One of our clients has a tennis court that's been converted into a raised-bed garden. I'm told the person who built it did so years ago. What I don't need to be told is that he had no idea how to design a raised-bed garden. The black ground cloth covering the entire court makes the place a furnace, and may of the beds are so huge you need to walk across them to plant, weed, and harvest.
You should not walk on raised beds; you compact the soil, which is a big no-no.
Compounding this, my boss, who is a beautiful landscape designer but not a food producer, had us plant things...well, sub-optimally. At the time she was really stressed, and when she gets stressed she gets dictatorial, so we shut our mouths and planted way too many plants in each bed.
Also, the garden needs regular and frequent tending, which is not happening, since we are fine gardeners, not vegetable gardeners, and our schedule is set accordingly.
The client uses the vegetables in her restaurant.
We have had a brutal drought and temperatures in the 90s, so watering has been an issue with watering bans, but that has at least been done enough to keep the plants going.
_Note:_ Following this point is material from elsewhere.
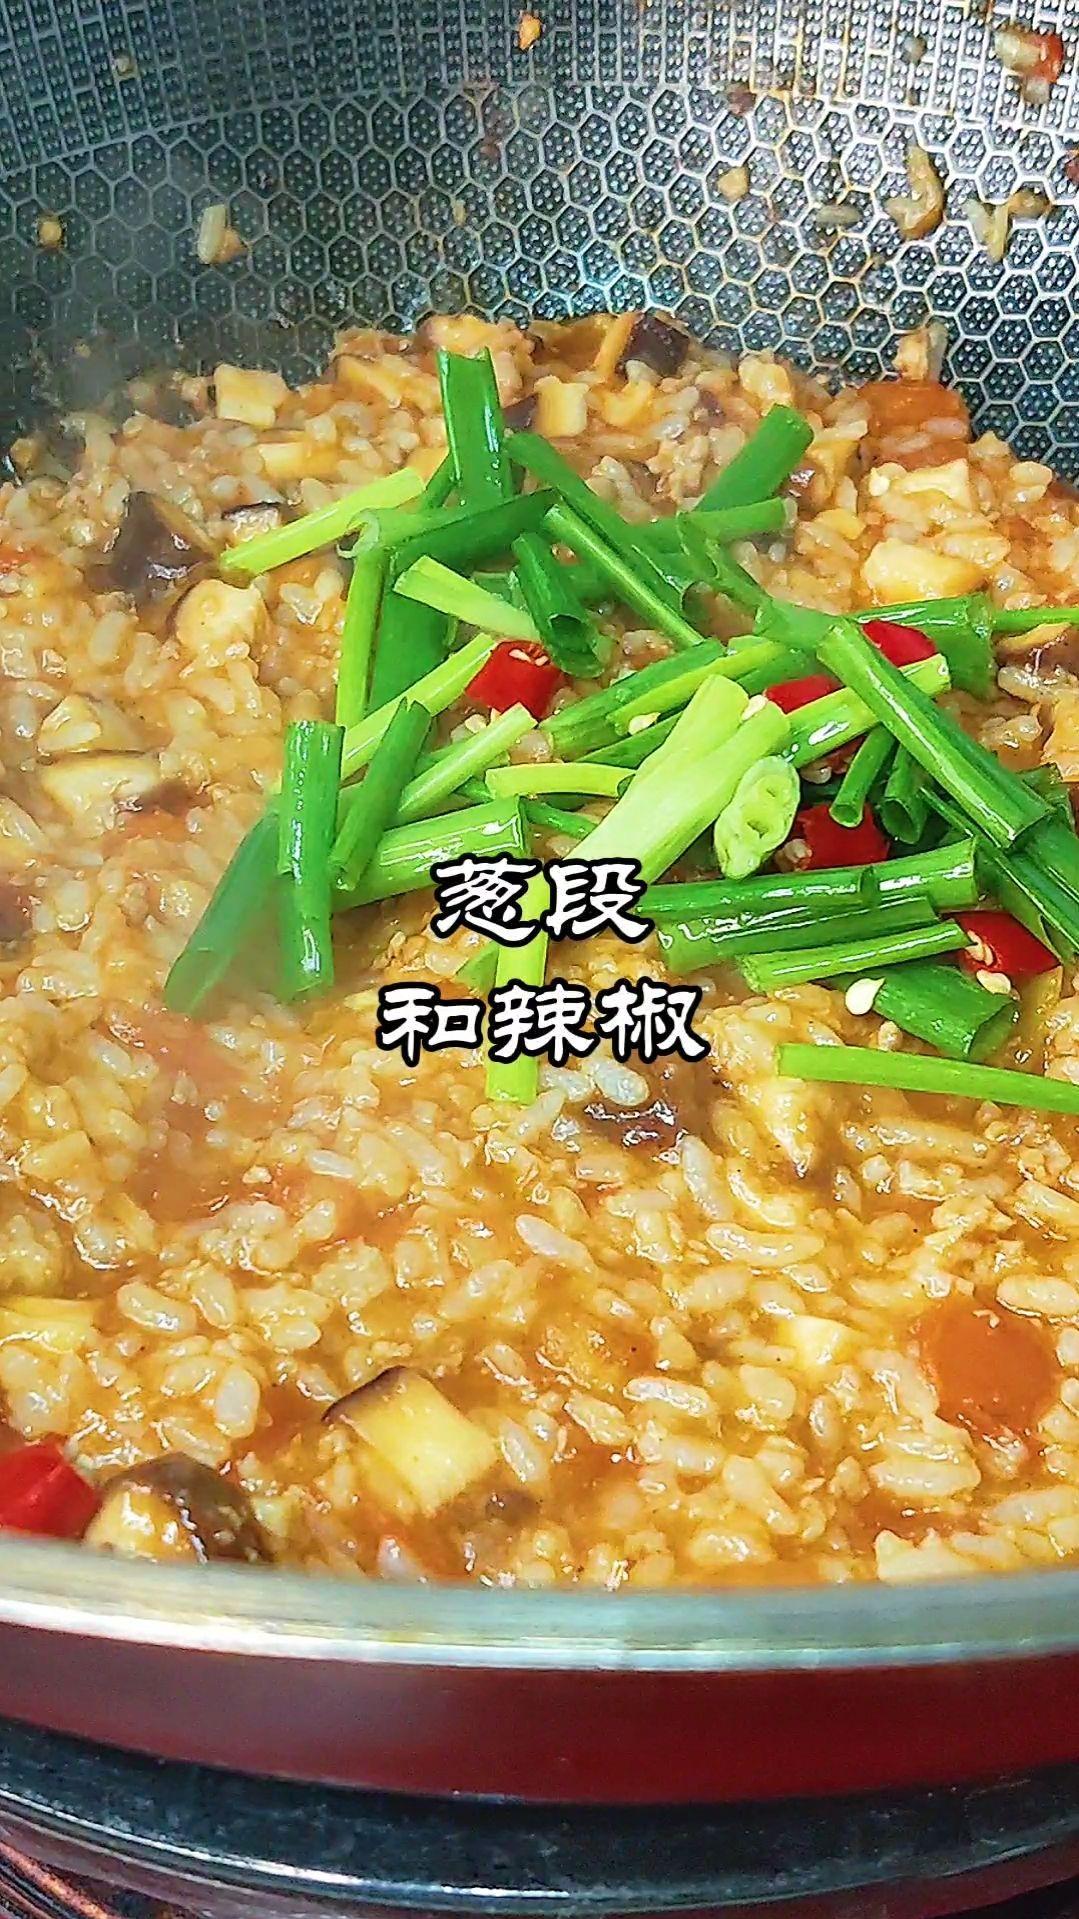 番茄肉酱焖米饭的家常做法

Today I stood with my usual colleague, Amy, looking at a dense forest of tomato plants.
"This is a mess," she said.
"Oh yeah."
"There are way too many plants here."
"And way too close together. Boss Lady admits now she planted too many."
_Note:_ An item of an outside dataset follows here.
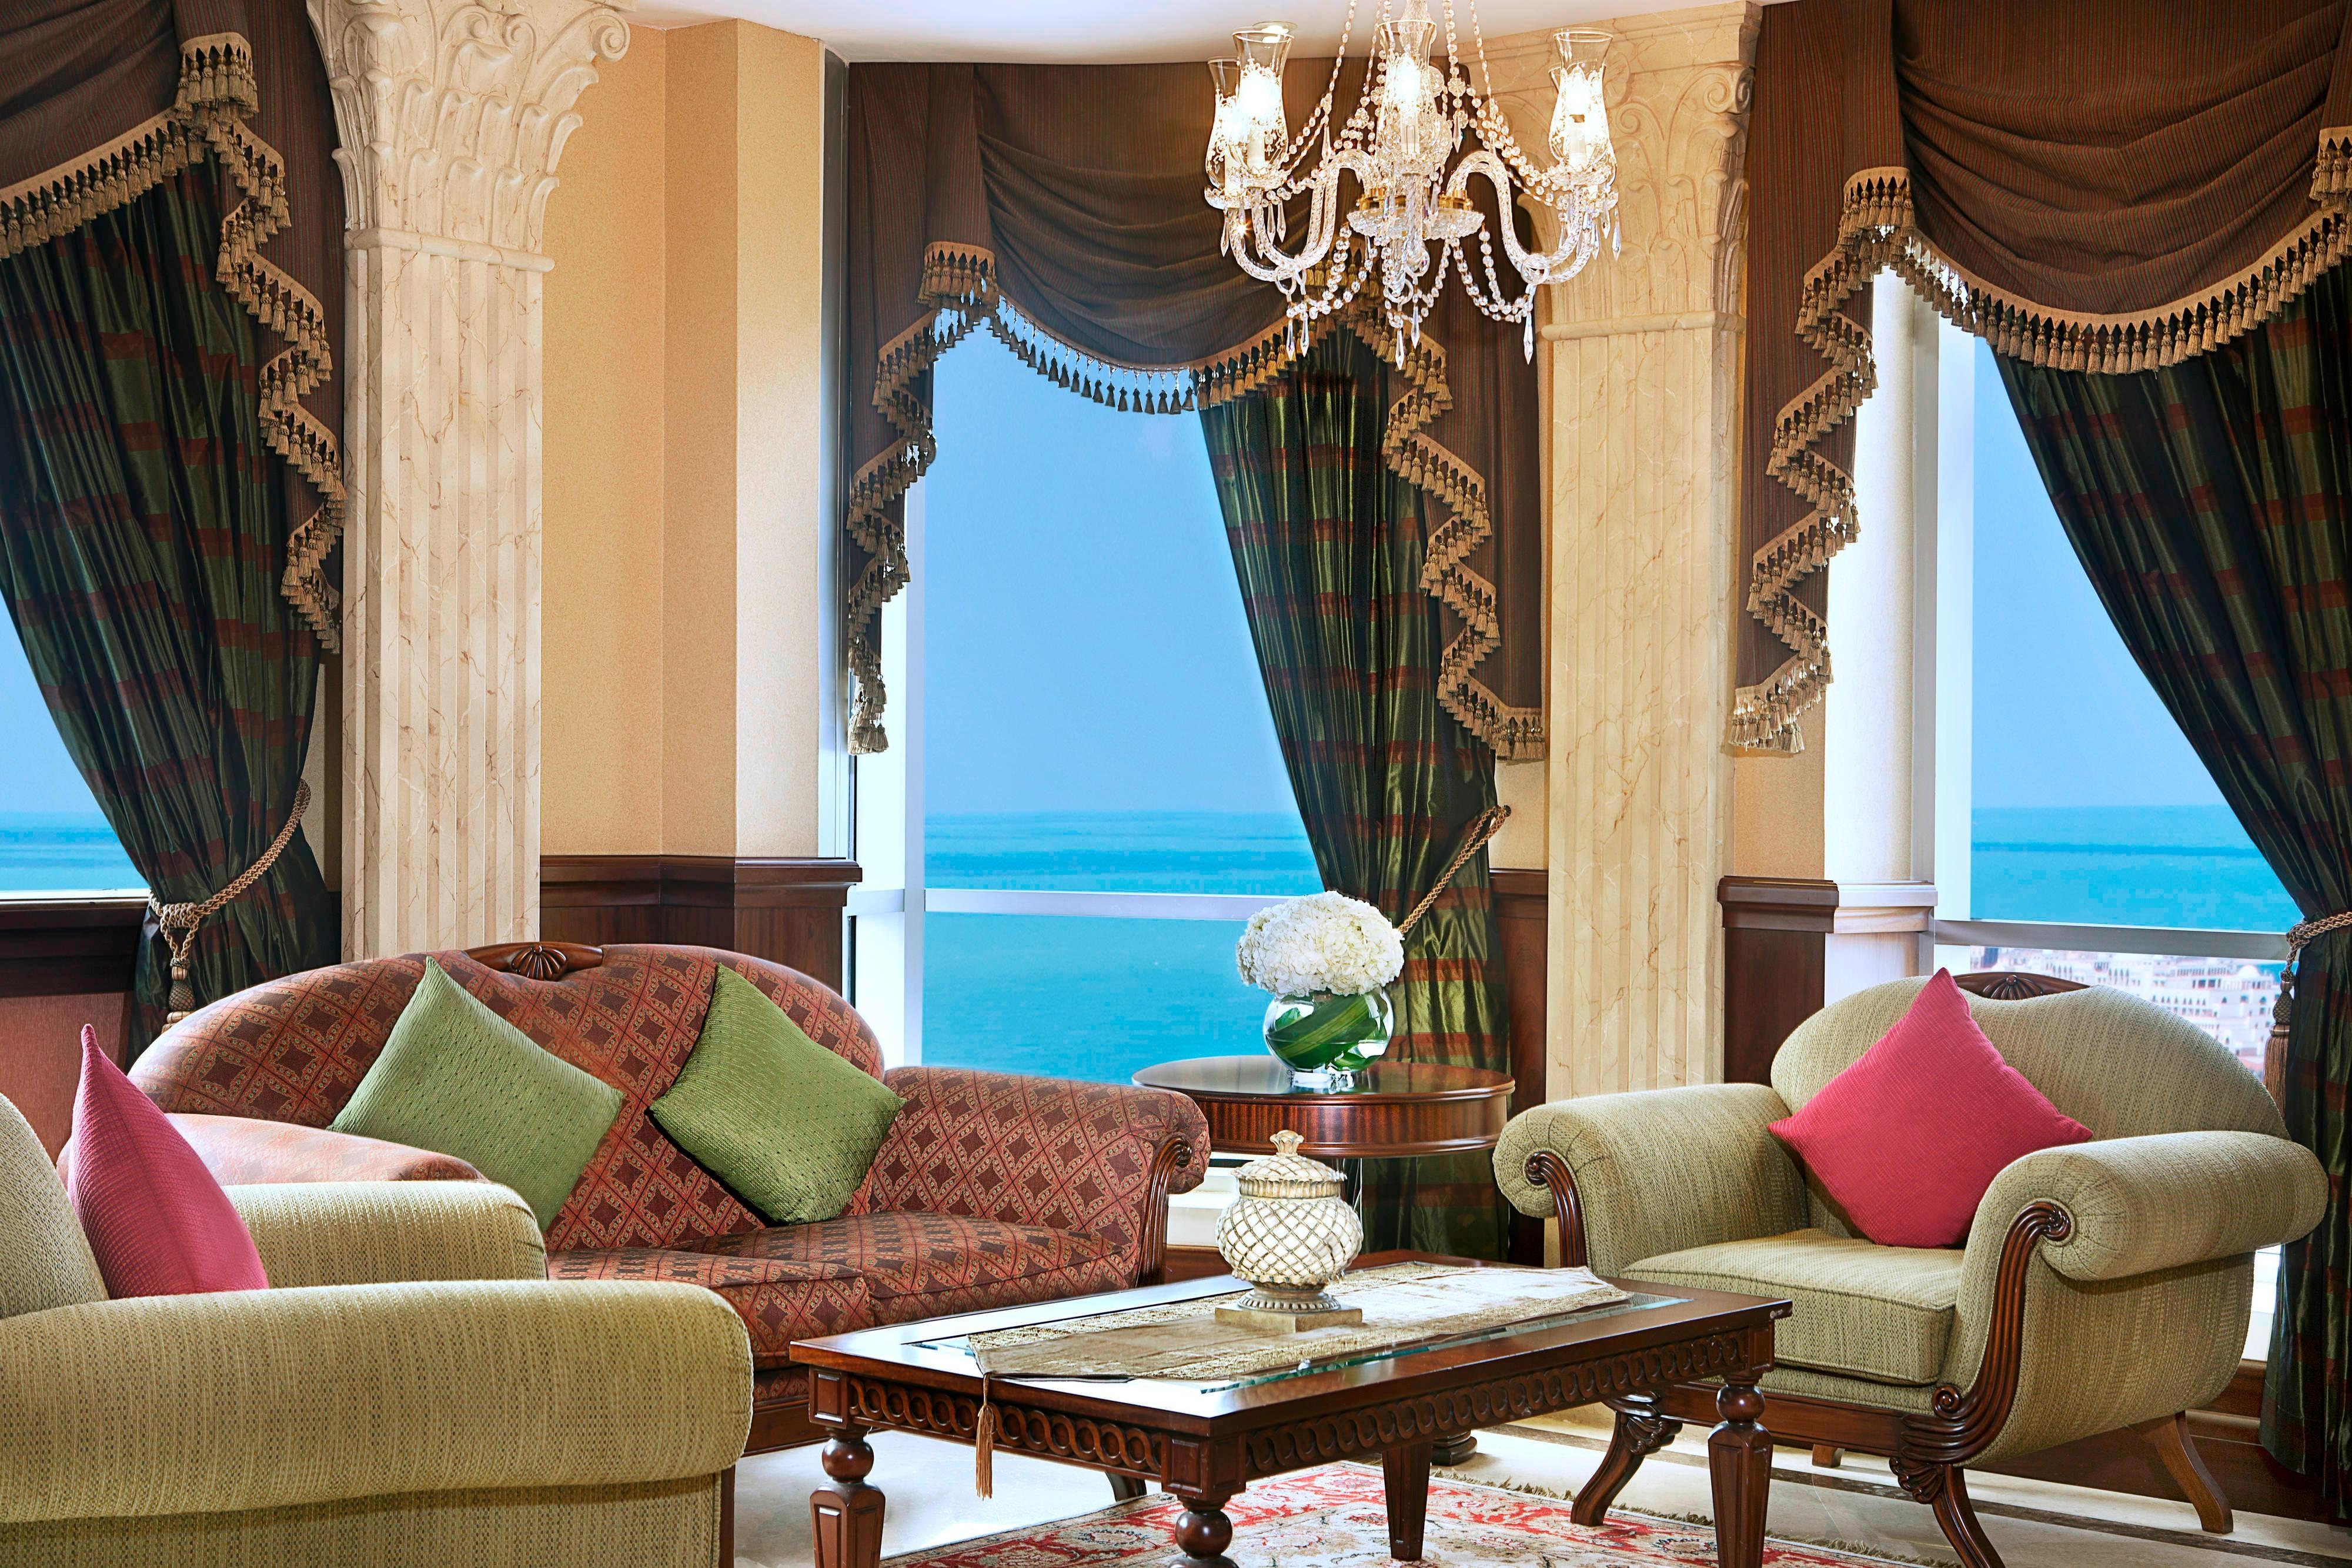 Wohnzimmer der Präsidenten Suite in Dubai

"What are we supposed to do?"
"Fix it. And harvest what's ready."
"Did the client's chef say he wanted more stuff?"
"He has no choice, Look at this stuff. If we don't pick it today we'll lose it."
"I know; he was just such a jerk the last time I brought stuff."
"I'll handle him. Let's go."
We picked three big buckets of tomatoes, and had our other guy, a young pup, cut celery and put it into a cooler with some water. Amy explained end-blossom rot to him, and why you need to remove rotten vegetables and cut leaves from the bed. Another colleague, a very nice middle-aged biker whom I suspect did way too much pot in the day, waters the garden, but just leaves rotten vegetables on the plants. He may be a bit lazy. Or clueless. (Last time, he and I cut lots of cabbage, and he was set to just dump them, loose, into the back of his pickup truck, to roll around in the bed on the way to the restaurant. I explained bruising and damage, and gave him a bin.)
Amy and I arrived at the restaurant, and carried the heavy cooler in first through the delivery entrance. The chef came over.
I put my hand on the cooler and opened my mouth.
Chef held up his hand.
"I have an event at Big Posh Place, and I have to have it ready by three, so I don't have time."
I waited until he was done, and continued.
"This is celery. It's getting woody but has a good flavor, and I thought you could use it for stock."
"Oh. Ha ha. 'stock.' I see what you did there."
"Yeah. and we'll bring in tomatoes and will leave them there."
On the way back to her truck, Amy said, "when he held up his hand, it was all I could do not to punch him. With his stupid hat."
"Yeah, I just ignore that crap and do what I set out to do. I don't accept his premise that his time is more important, because one, I don't work for him and two, we just spent an hour in 92-degree heat in a sea of plants so dense I thought I was in-country, picking tomatoes after spending an hour in 92-degree heat weeding and deadheading the property. Surprisingly, though, I'm not feeling the heat at all."
We headed for Dunkin' Donuts, which is our routine: after the first job of the day, we get our iced beverages, and Dunkies is everywhere.
We drive separate vehicles, and met in the parking lot.
"Is today 'Assholes Drive For Free' day?" I asked.
"Did you see me? I was all 'Thanks a lot, buddy! Thanks a lot!' to all the cars," Amy said.
"They were cutting me off mid-intersection! What the hell!!"
We looked at each other.
"Maybe I'm feeling the heat more than I realized," I suggested.
"Yeah. I need an iced coffee and a bathroom."
Still: better than any day in an office.